This year's 'Aladdin' fulfils the wishes of every age group. For grown-ups, Clive Rowe's great dame is, as ever, the big-boned, trumpet-voiced fairy on the top of the tree. His Widow Twankey flirts bashfully with us all; terrifies her sons (Anna Jane Casey's nicely trad principal boy Aladdin and Matt Dempsey's likeable CBeebies-style Wishy Washy); steamrollers David Ashley's outré baddie Abanazer into quivering erotic submission, and belts out Beyoncé knock-offs with more chutzpah (and way better sound quality) than the whole of Ridley Road market.

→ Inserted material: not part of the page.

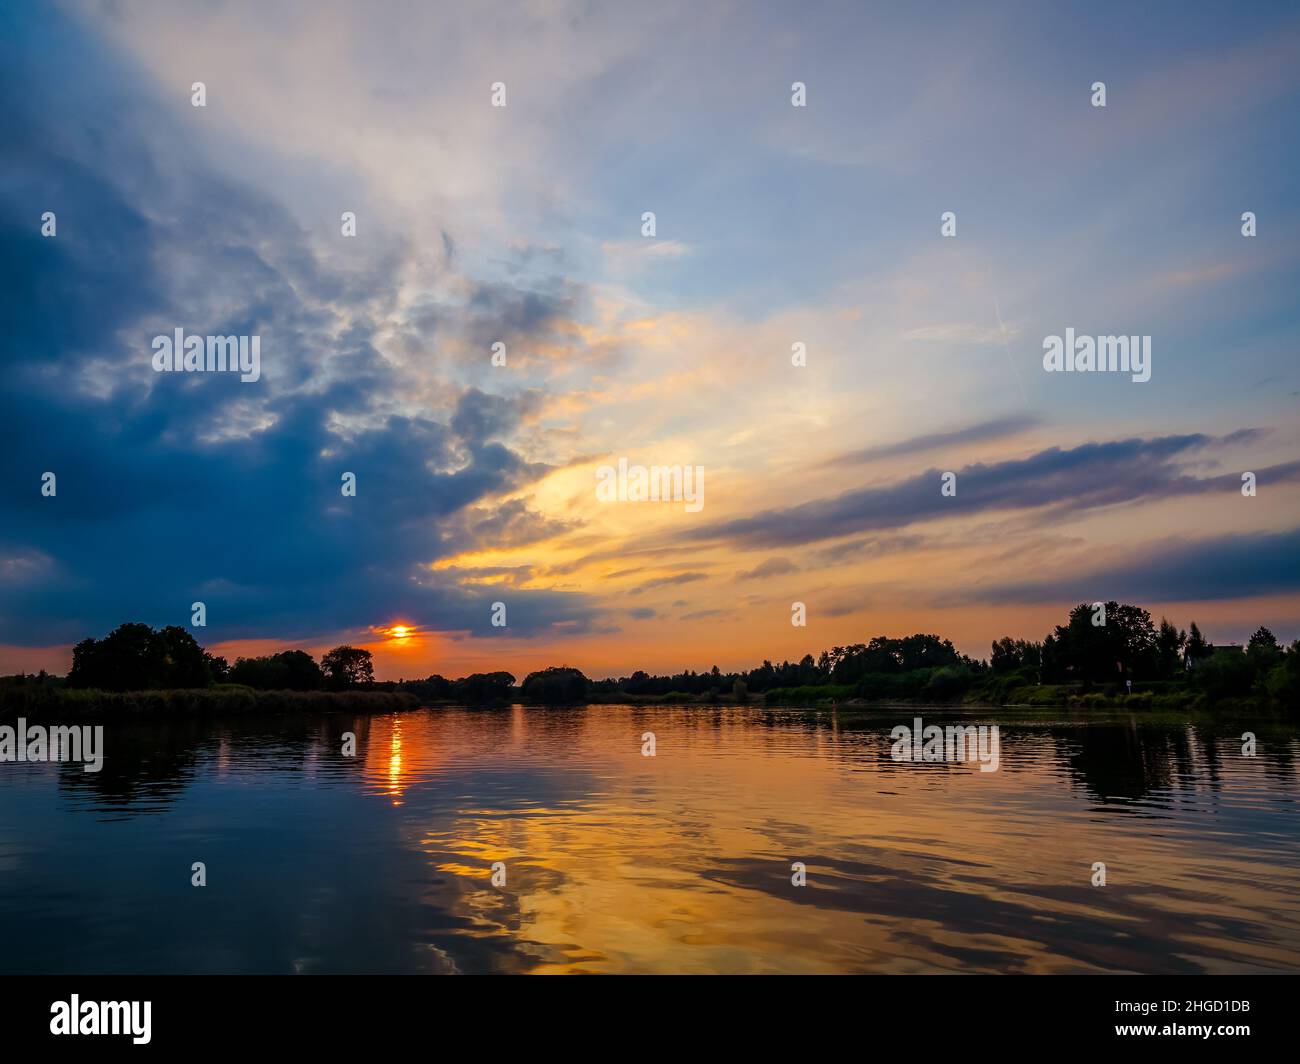 Abendhimmel mit dramatischen Wolken über dem Fluss. Dramatischer Sonnenuntergang in Wolken und Fluss. Naturlandschaft, Reflexion, blauer wolkig Himmel und orange Sonnenlig Stockfoto

Panto, with its mix of old stories, new settings ('Ha-Ka-Ne' is the Peking borough here), borrowed chart hits and blue jokes, is always a vulgar wedding, but this one is a labour of love. McKenna's script creaks but the Eastern spectacle she creates (in which China meets Arabia meets Dalston) is truly a delight: a singing camel narrates, two fit genies (the irrepressible Tameka Empson and Kat B) run us through a whole gamut of crossover dance styles and, in one truly transporting scene, Aladdin flies off with a giant suspended dragon, which looks more than capable of plucking up whole parties of rowdy schoolchildren in its swinging claws.
A chorus of dancing pandas (don't ask) and a pair of comedy policemen are perfectly pitched for the little ones. After the delightful mayhem of the showdown and the old-fashioned fol-de-rol of the walkdown, this mixed bag of audience has one shared wish: to return next year.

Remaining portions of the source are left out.